Ganić holds an ScD from the Massachusetts Institute of Technology. He is the founder and current chancellor of the Sarajevo School of Science and Technology.

==Early life and education==
Ganić was born on 3 March 1946 in Sebečevo village near Novi Pazar in the Sandžak geographical region of Serbia, then a part of SFR Yugoslavia. He graduated from the University of Belgrade, and holds an ScD in engineering science from the prestigious Massachusetts Institute of Technology.

==Political career==
During the Bosnian War, Ganić served in the Presidency of the Republic of Bosnia and Herzegovina. He was a member of the Party of Democratic Action (SDA) between 1990 and 2000. During the war, the Bosnian government and the SDA were divided into two groups, one that looked to the West, and the other, called the Sandžak faction, hardliners that wished to take on all. Another division was between the secularists and conservatists. Ganić was part of the Sandžak faction and the conservatists.

During early talks of the partition of Bosnia and Herzegovina, Ganić remarked that the Bosniaks "are Islamized Serbs", and should thus join the Serb side, at a time when the SDA shifted in favour of siding with the Serbs and continuing struggling against the Croats. Following the war, Ganić served as Vice-President, and then as President of the Federation of Bosnia and Herzegovina from 1997 to 1999, and again from 2000 to 2001.

==Academic career==
Ganić is the founder and current chancellor of the Sarajevo School of Science and Technology, as well as a regular professor of engineering science at the university. He also worked as an assistant researcher at the Massachusetts Institute of Technology, assistant lecturer at New York University and the University of Chicago, lecturer at University of Illinois Chicago, director of the Sarajevo-based UNIS Institute and guest lecturer at the Moscow State University.

Ganić has published over one hundred publications, among them books such as Handbook of Heat Transfer Fundamentals, Experimental Heat Transfer and Engineering Turbulence Modelling and Measurements. In 2002, he published a book called Engineering Companion, published by McGraw Hill. He is a member of the American Nuclear Society and many other professional societies.

==Arrest and release==

On 1 March 2010, Ganić was arrested at Heathrow Airport in London after Serbian judicial authorities issued an extradition warrant. He was accused of conspiracy to murder 40 Yugoslav People's Army (JNA) soldiers in the Dobrovoljačka Street attack in May 1992. He was released on 12 March after Sanela Diana Jenkins had paid his bail. Judge John Laws remarked that the arrest warrant by Serbia was politically motivated and therefore granted Ganić bail. It was also claimed by Ganić's defence lawyers that Serbia had yet to produce any real evidence, and that most of their supposed evidence was made up of news articles regarding the Dobrovoljačka incident. However, the Serbian prosecutor's office claimed that the case contained additional evidence.
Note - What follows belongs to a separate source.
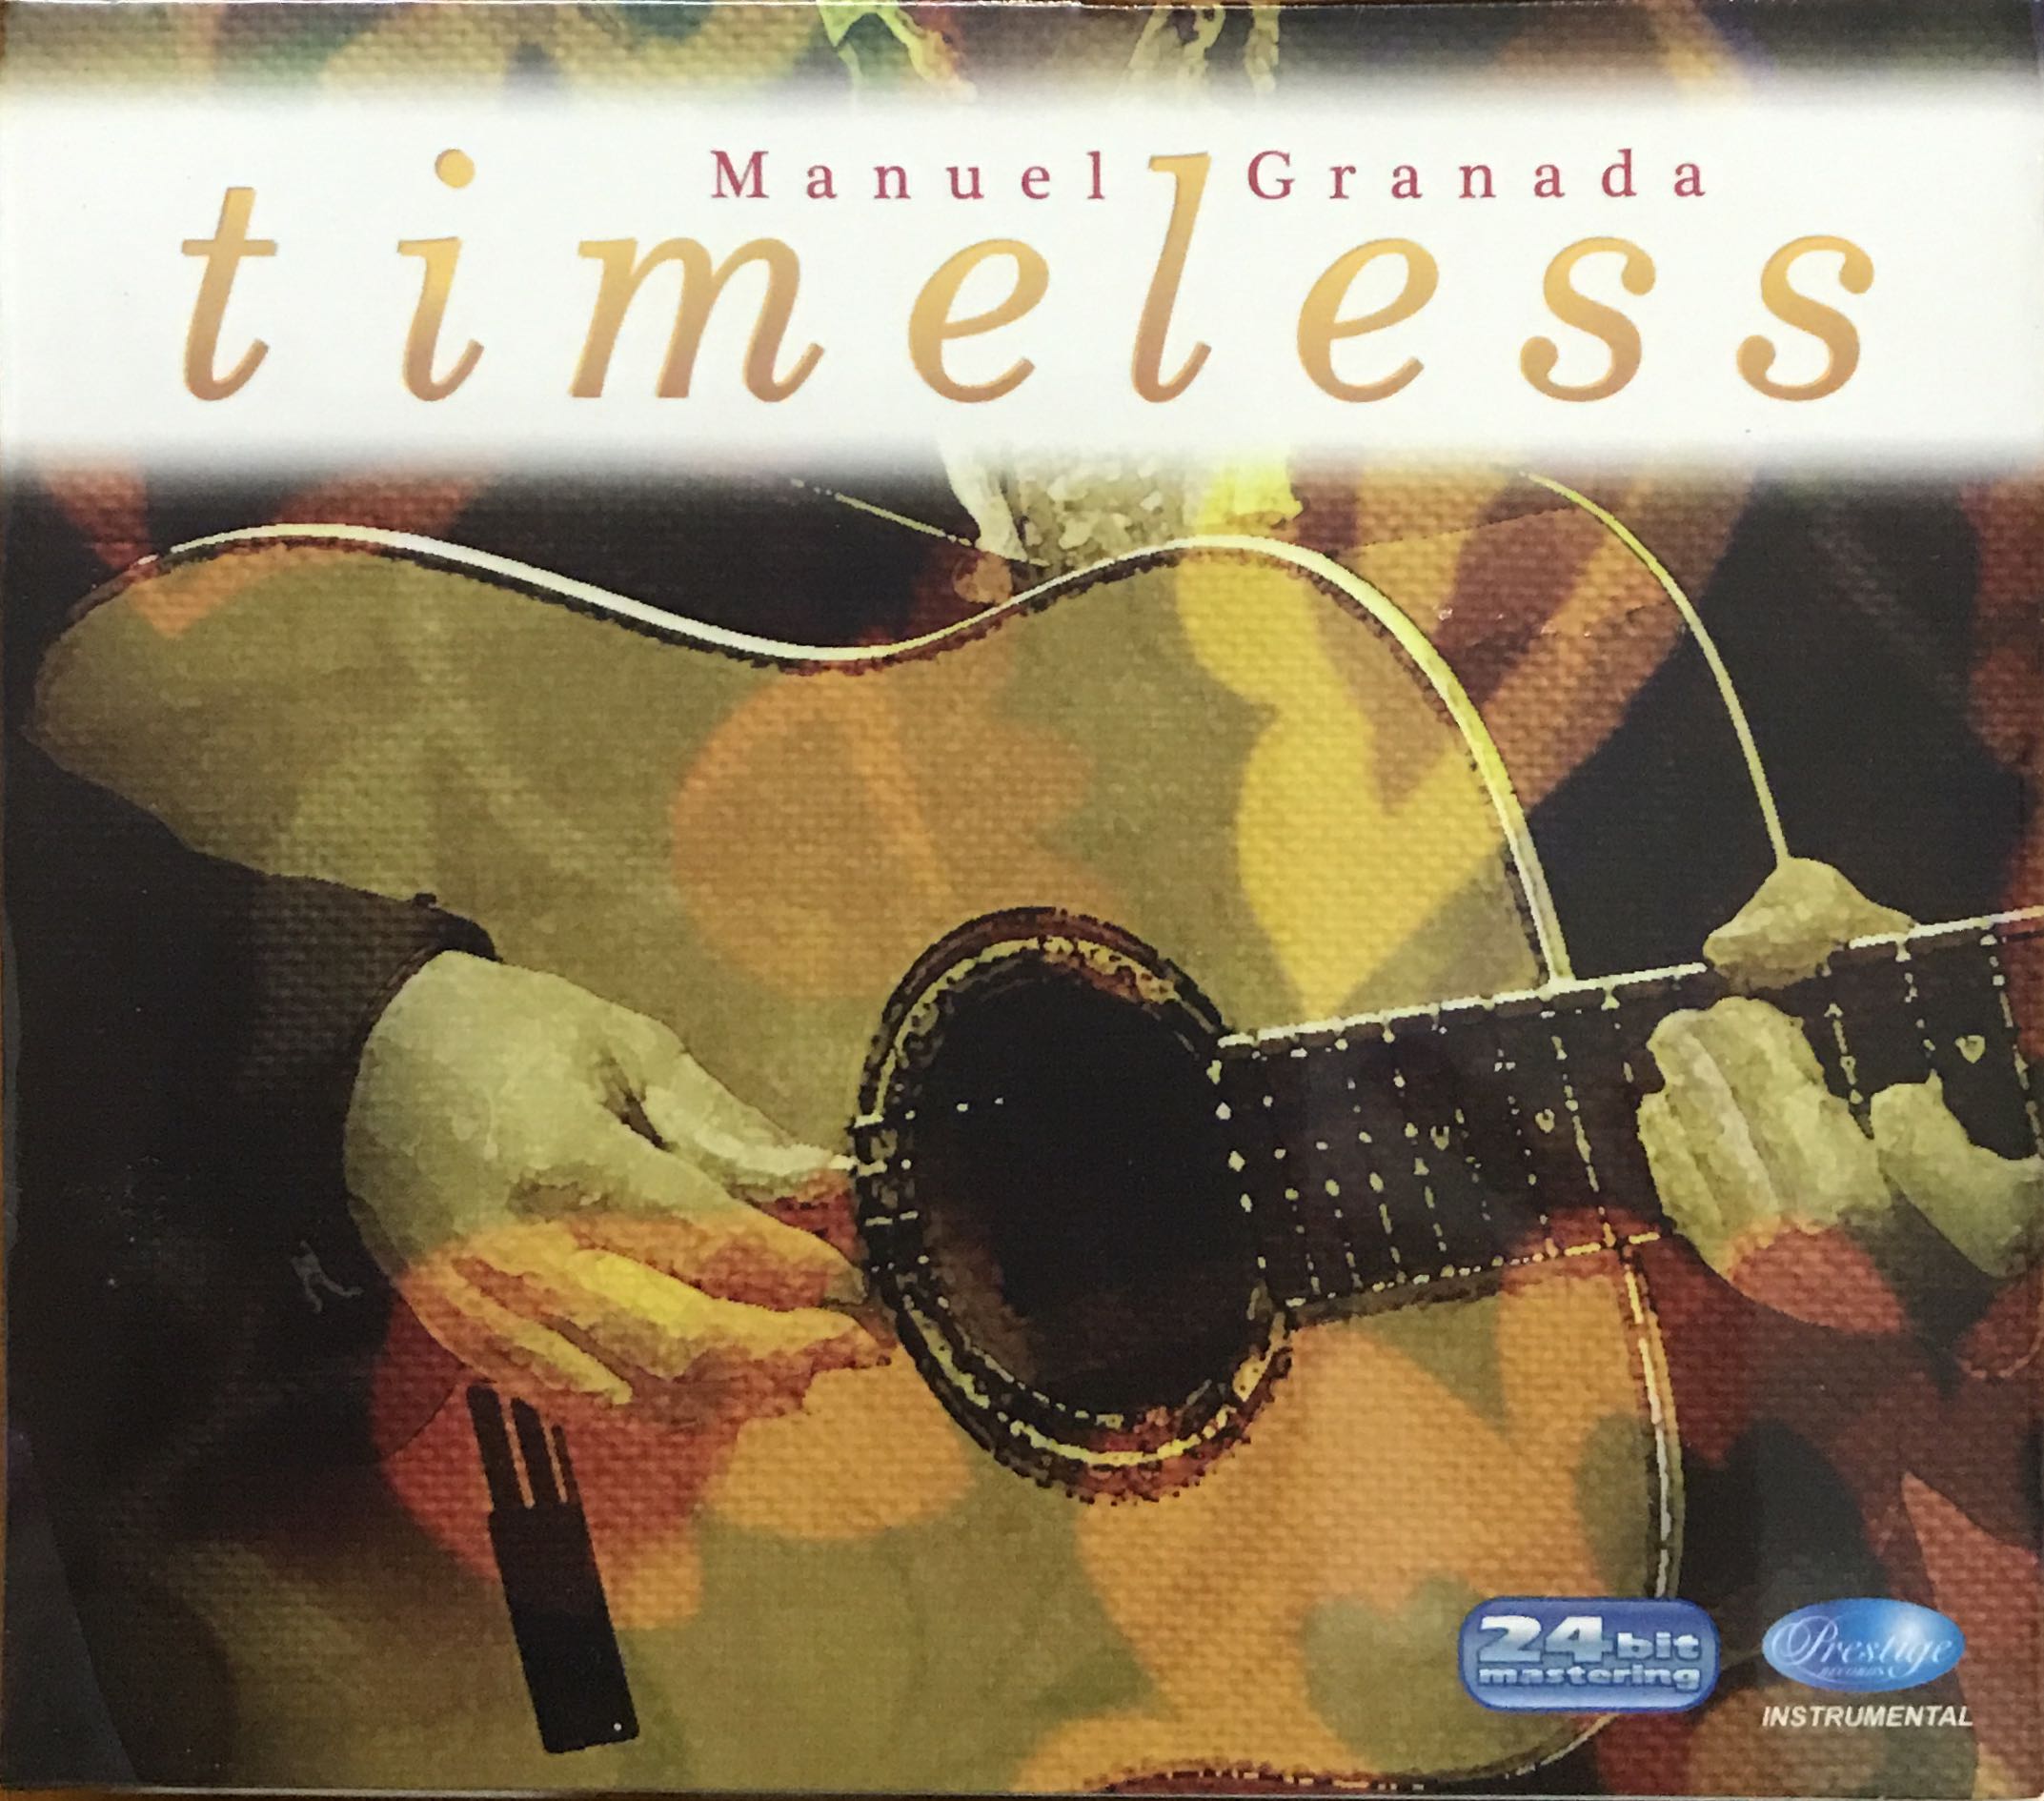 Manuel Granada - TIMELESS 24bit Remastering CD

On 27 July 2010, the City of Westminster Magistrates' Court blocked his extradition and released him, the judge saying that he was led to believe the extradition proceedings were "brought and [were] being used for political purposes, and as such amount to an abuse of the process of this court".

==War crime charges==
In April 2022, a Sarajevo court charged Ganić and nine other former Bosniak political and military leaders with war crimes over the incident. They were accused of having "planned, attacked and incited [others to attack] the undefended convoy.. escorted by the UN peace forces", as well as having failed to either prevent the killings or punish the perpetrators of the attack. In July 2022, they pled not guilty in court.